L'area postsovietica si allontana dalla Russia dopo lo scoppio della guerra in Ucraina
di Corrado Zunino  
Immagine inviata        

ROMA - Domenica scorsa a Chisinau, capitale della Moldavia, piccola nazione costretta ad essere ancora cuscinetto in questa trentennale transizione che ha toccato l'Est Europa dopo la dissoluzione dell'Urss nel 1991, Transnistria, diventata filorussa dopo la guerra dei due anni, teme per la tenuta di un altro pezzo della nazione, la Gagauzia, regione a sud della capitale dove vive una comunità di origine turca e le istanze autonomiste, già garantite dal Parlamento moldavo, sono molto forti.
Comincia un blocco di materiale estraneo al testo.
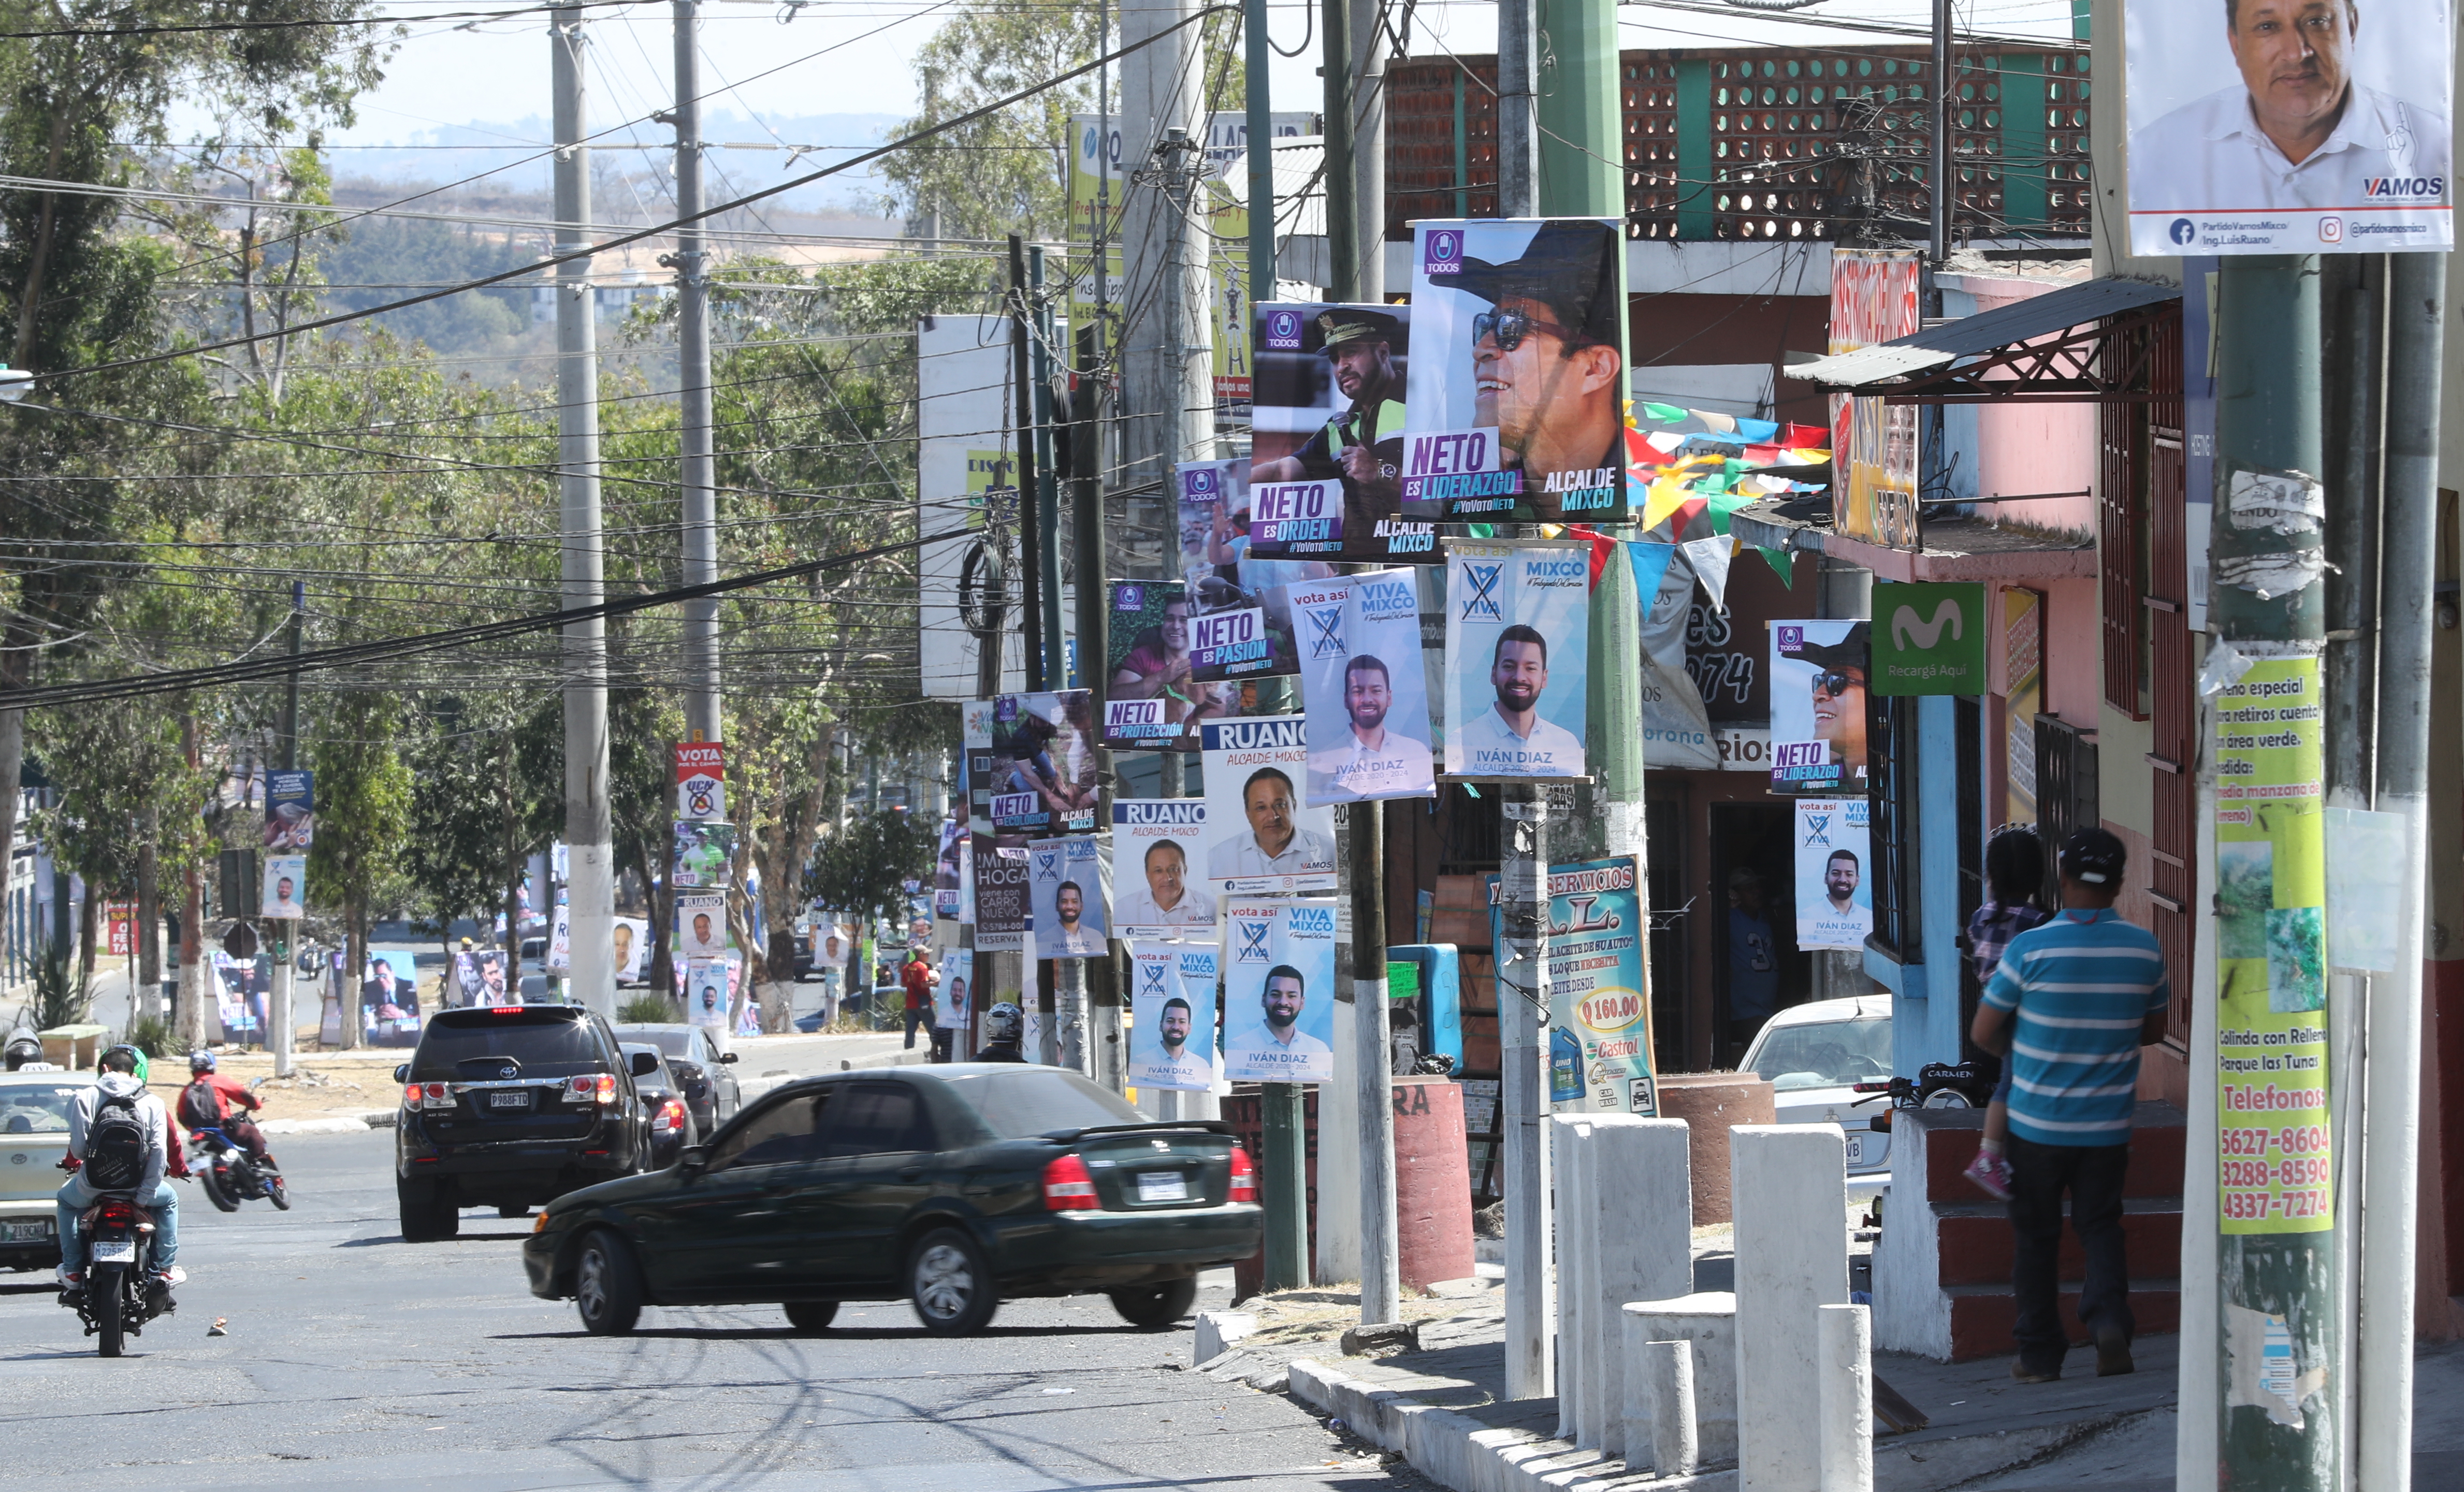 Los partidos políticos ya están enfrascados en el proceso electoral y colocan publicidad en las calles. (Foto Prensa Libre: Esbin García)

Lo scorso 31 aprile in Gagauzia si sono tenute elezioni politiche tra candidati esclusivamente rivolti veso Mosca e al ballottaggio del 14 maggio ha vinto Evghenia Gutul, candidata del Partito Shor dell'oligarca Ilan Shor, accusato di aver preso soldi dal Cremlino per organizzare un colpo di Stato a Chisinau e condannato a 15 anni di carcere per il furto di un miliardo di dollari dalle banche del Paese. Anche su quest'ultime elezioni locali vive il sospetto di brogli.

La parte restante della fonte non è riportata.